A potentially attractive alternative to monetary payments is the binary lottery procedure (Roth and Malouf, 1979; Berg et al., 1986). In this procedure, subjects earn points, and these points are lottery tickets in a random draw of a fixed price. Since a von Neuman-Morgenstern utility function is linear in the probabilities of outcomes, this payoff procedure renders individual utility linear in points. Thus, the binary lottery procedure controls for variation in risk preferences over subjects. From a purely theoretical point of view, this is the proper way to reward subjects in experiments, if controlling for risk preferences is desirable. On the flip side, results on how the procedure works in practice are mixed (Camerer, 2002:40–41; Berg et al., 2009). Whenever the binary lottery procedure was used in our experiment, the fixed prize consisted of two bottles of good wine. The procedure was accepted by the politicians as a legitimate form of reward.

Students participating in our lottery procedure sessions were paid 100 NOK as a showup fee. In student sessions with performance pay in NOK, there was no showup fee. On average, a session lasted 45 minutes. The exchange rate of experimental currency to NOK in sessions with monetary payoffs produced an expected payoff (in equilibrium) of 200 NOK per subject, which is above the typical optional wage for a student.

The lottery procedure was implemented in the following way. At the end of the session, the sum total of points earned by a subject in that session was divided by a fixed and publicly announced denominator common to all subjects of that session, resulting in the assignment of a number between 0 and 1 to each subject. A draw was then made from a random uniform variable in the interval 0 to 1. If the assigned number of a subject was larger (smaller) than the randomly drawn number, this subject would win (not win) a prize consisting of two bottles of good wine. The fixed denominator was calibrated in such a way that half of the subjects in a treatment could be expected to win a prize.

In all student sessions, the experiment was conducted twice. First we ran a session with one cost treatment, then a session with the other cost treatment. The participants were not informed about the second session before the first session had been concluded. Subjects played in the same role in both sessions. Because of time constraints, only one treatment was conducted in each of the two sessions with politicians. Since data from second sessions are likely to be biased (due to dependencies of observations over time), we only use data from first sessions in our analysis.

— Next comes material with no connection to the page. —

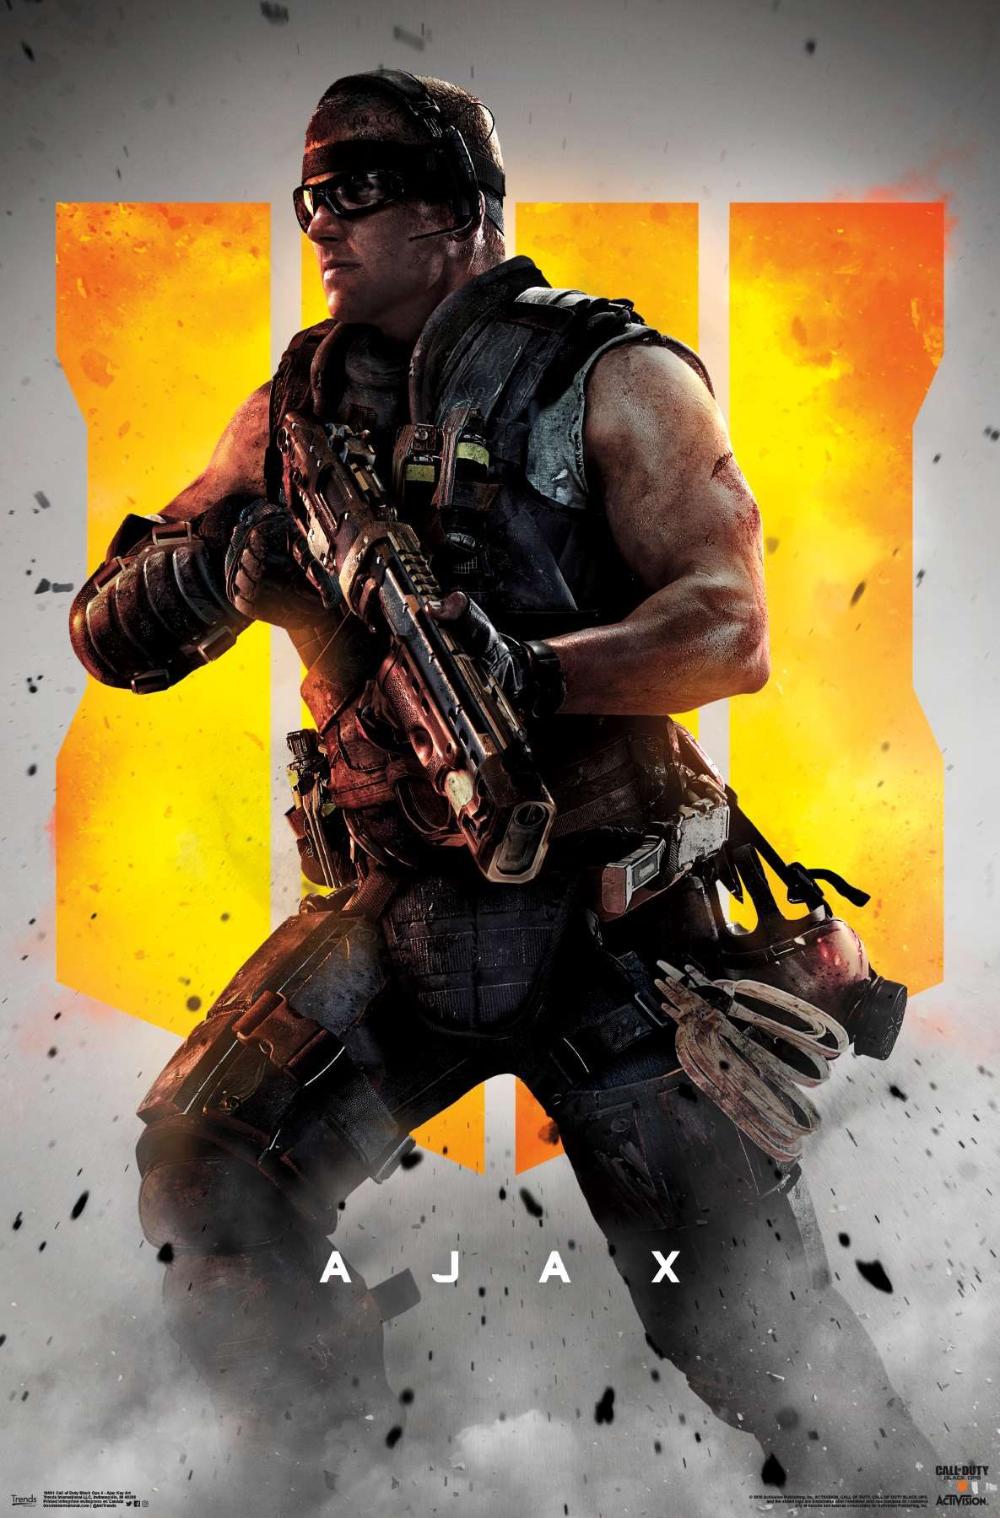 Call Of Duty Black Ops 4 Ajax Key Art Black Ops Black Ops 4 Call Of Duty

After a short introduction in a reception room, the participants were asked to draw roles (S or R) from an envelope, and were subsequently randomly assigned a number indicating their placement in the lab. After seating the subjects, instructions were read aloud (to achieve public knowledge of rules). Subjects where then allowed some time to read through the instructions independently and ask questions. Lastly, subjects where assigned a few simple questions, to make sure they understood the state-payoff matrixes. Subjects (in all sessions) first participated in a non-paying test round (in order to familiarize themselves with the screens), and subsequently played 10 paying rounds of the game.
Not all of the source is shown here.